He'd spent far too much of his life contemplating the next step of his plan. Far too much time had been wasted disposing of the things that could hinder his future. If this was the future, for him it was not worth living. Eyes stared up at him; cloudy eyes. He searched them. Sitting on his couch, he searched endlessly.

A dull thud sounded above her head. She stared at the ceiling, searching for some invisible sign to explain the curious noise at such an odd hour. Distracted, she began to pour tea strait onto her hand. A streak of anger tore through her. The burn was painful and she blamed the resident above her for this mishap. It was curiosity more than anger that drove her to inspect. She rinsed her hand in cool water, wrapped it in a towel then went to her door with tentative steps. She opened it with caution and stared out at the blue sky. Stars were a luxury and did not dare to show themselves tonight. It did not feel like a night for stars. It was a night for clouds, and that was all she saw. Even the scheduled full moon was in a shy mood tonight. The air of the night was still and tense. Dread crept into her through her hands as she held tight to the railing. A terrible thing had happened just above her head and she could feel it. Someone was hurt and she could feel their warm body crying out for relief, fading out and becoming cold.

Perhaps this was a chance for adventure, a break in the monotony of her life of serving coffee and ignoring the bills she could never pay. Perhaps if she stopped the warm body from fading she would not be lonely for the time it took to accomplish this.

Strange things were always happing in room 224. Staring at the door, she recalled a time when she had received mail addressed to this room and another time when she'd seen a man with bloody hands storm out cursing. She had been the only one to see this, she knew. Anyone else would have reported him for fear of having something disrupt their comfortable little lives. Her life was far from comfortable. The thought of a murderer in the room above her seemed more thrilling than disruptive. She stared at her hands. They were shaking. Tightening her fists to revive them, she tapped lightly but audibly on the door of room 224.

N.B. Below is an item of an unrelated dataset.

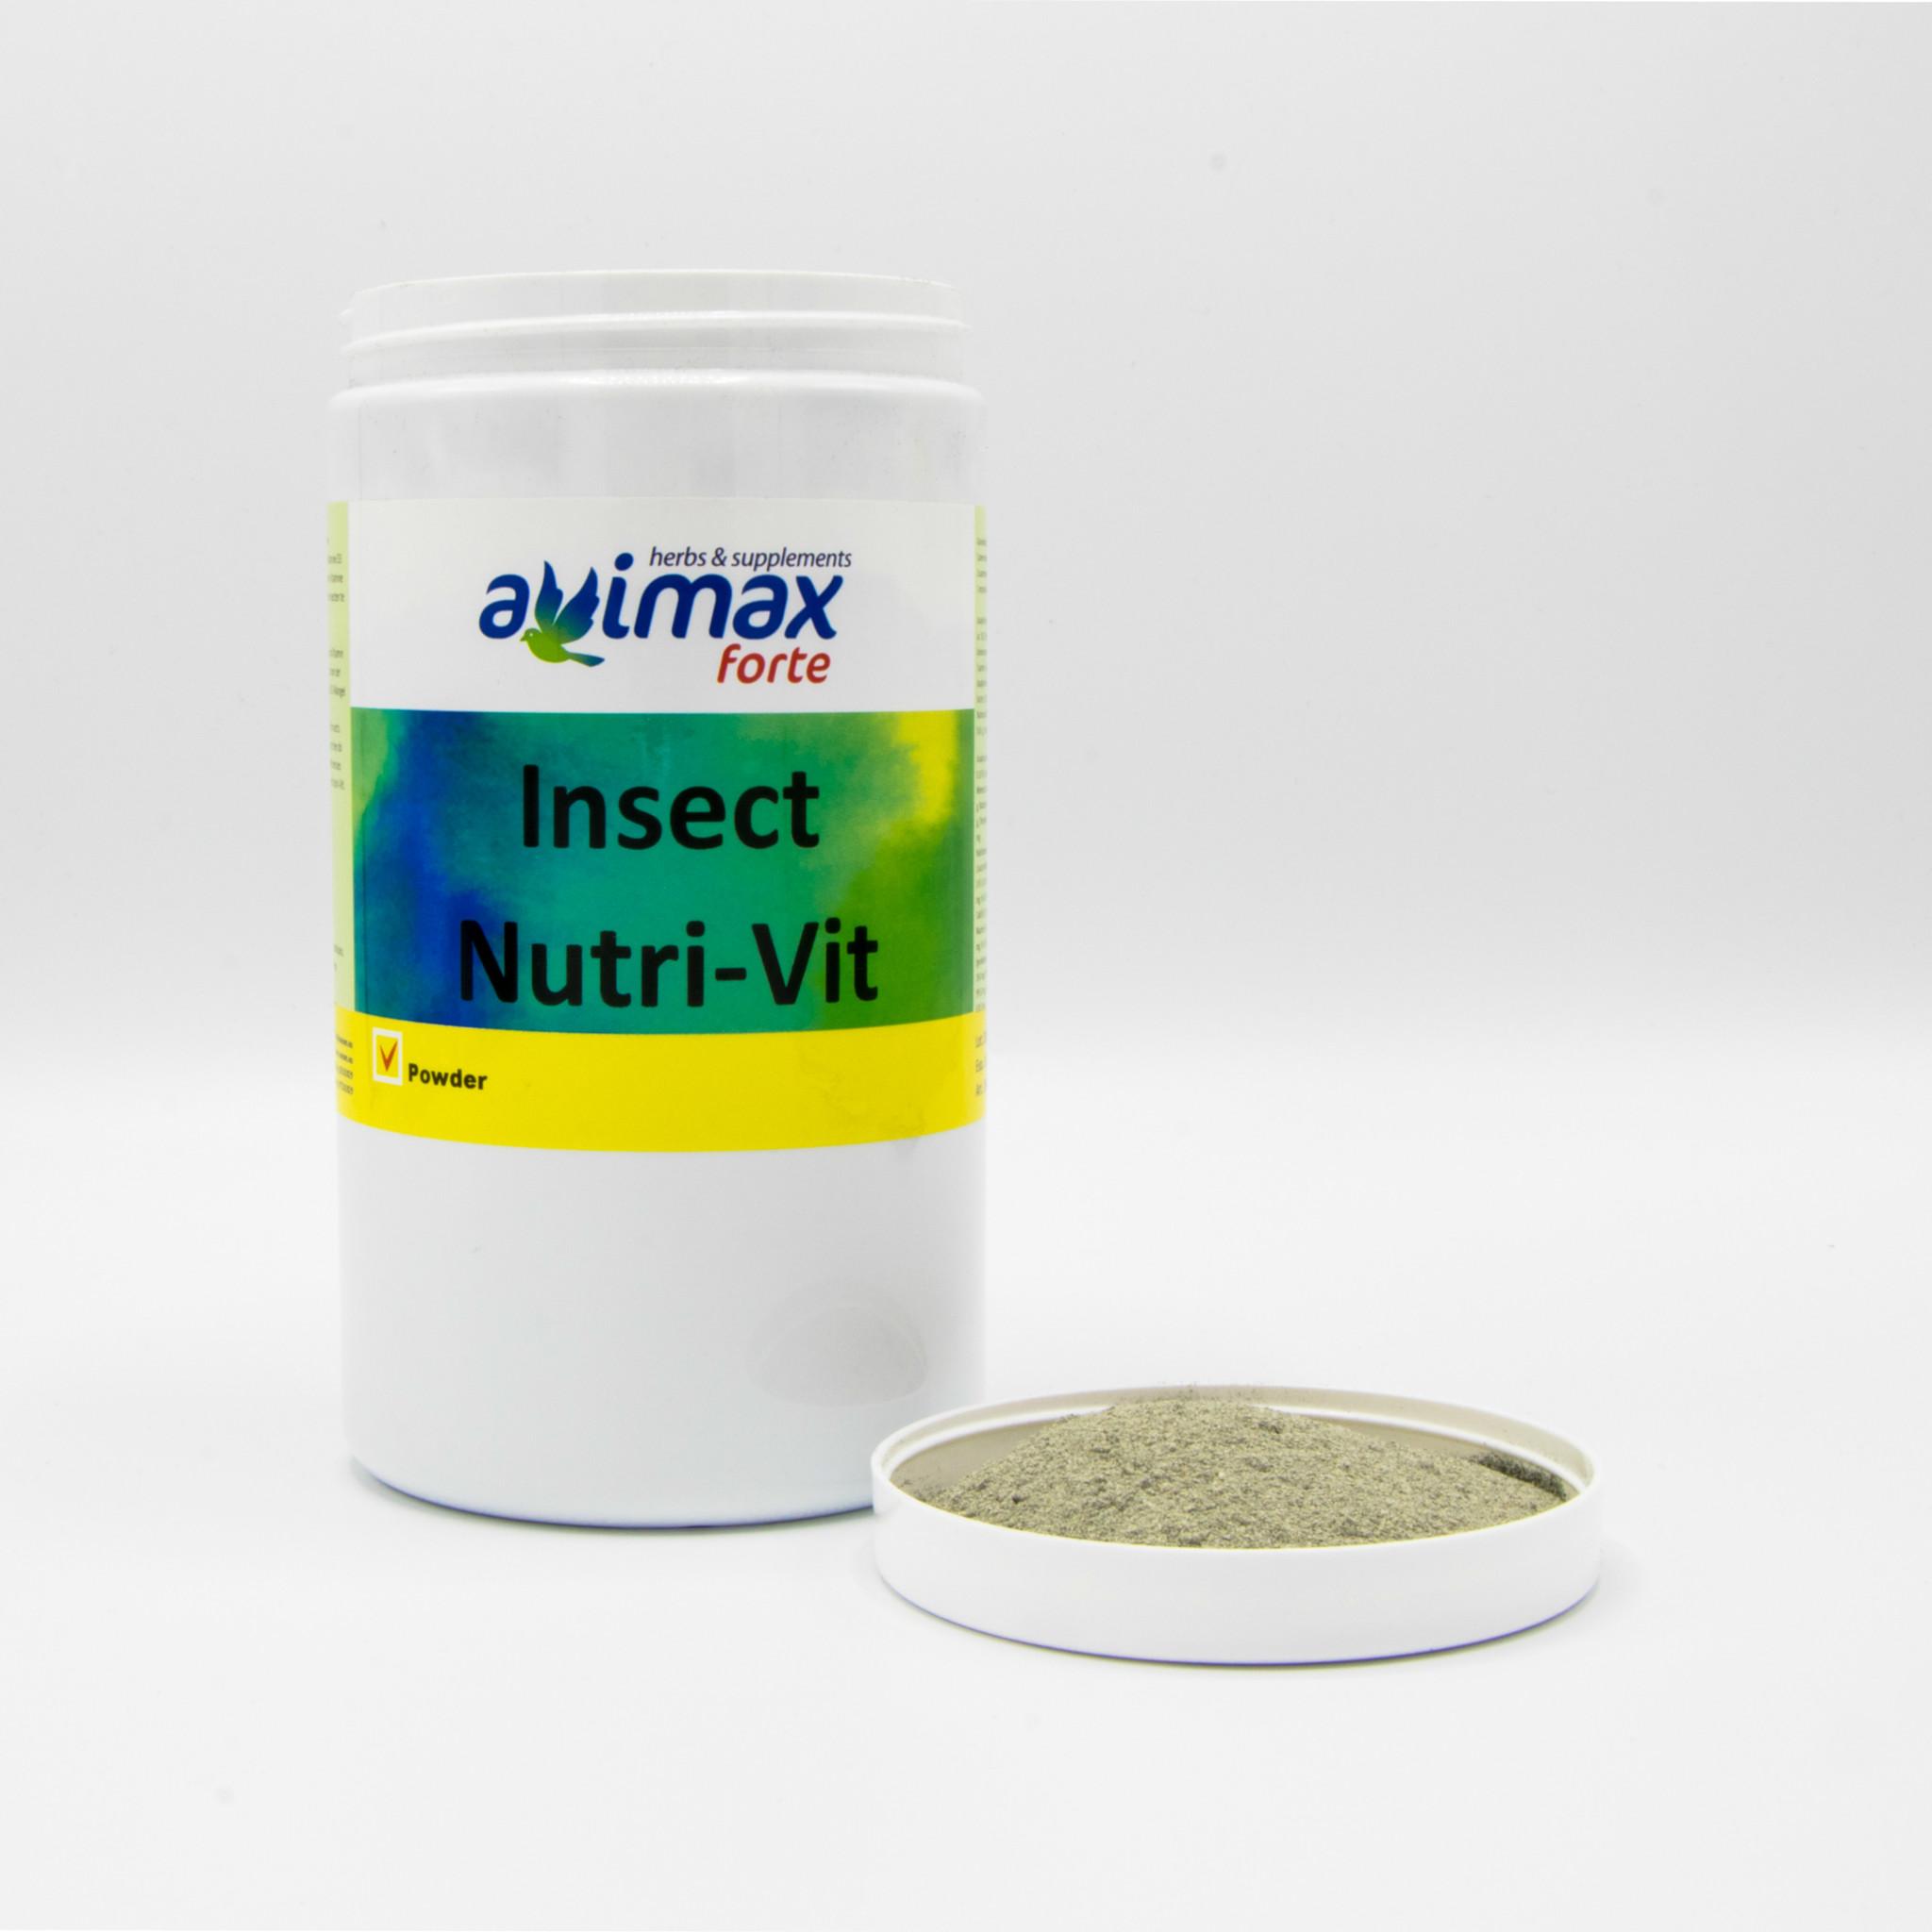 AviMax Forte AviMax Forte Insect Nutri-Vit

She waited. Nothing. She tried the handle and found the door to be unlocked. It opened a crack when she pushed it. No objection. Through the opening, she could see a man sitting on the couch. Upon seeing his face, she remembered the angry man she had known from a distance. Months ago when she'd given him his mail, he had nearly ripped it from her hands then slammed the door in her face without so much as a half hearted thank you. His eyes were ablaze that day. He had held her bewildered stare up to the moment the door shut. They were hollow now; he didn't even look at her. Something else held his gaze so she opened the door further to see what it was.

A sharp breath of fear sounded from her lungs and her hand flew to her throat. Her intentions of soothing a troubled soul dissolved into horror then fear and numbness. The warm body she'd hoped to save had not gone cold. He was consoled now, conversing through his eyes with the dead. As if it were an ordinary living space adornment such as a rug or table, a body lay in the center of the room. It was dead, cold and motionless. She could still feel the warm body crying and fading and knew that it sat on the couch, fingers laced and hands raised to cold lips, eyes dancing with empty distress.


	2. Chapter 2

**CHAPTER 2**

She lifted a lock of hair to her nose and dropped it with disapproval. She smelled of coffee still. It was in her clothes, her skin and even her breath every day that she returned from work. If she had crawled into a barrel of grounds and slept for days she would smell no different. It was dreadful. She placed her cup of tea on the counter. The smell was obnoxious. She went to have a bath

He watched the moon. 1:00 a.m. He had heard her door click shut more than 30 minuets ago. Standing in front of it now, he turned to face the handle he was holding. Silence. He was sure she had left. It was a Friday night, a Saturday morning. Perhaps she had friends to see. But this was not possible. She had no friends. He knew this and after weeks of studying her patterns and lurking on his balcony he was sure. Her work hours were easy enough to learn and he'd done well to memorize them over the weeks. She was never off before four and always had at least a three day weekend. Now was a reasonable hour to accomplish what he had been waiting to do. People were sleeping and the skies were dark. He opened the door by means of a metal wire which he snaked through the keyhole then stepped silently into the room. It was dark and still, the scent of tea hanging in the air.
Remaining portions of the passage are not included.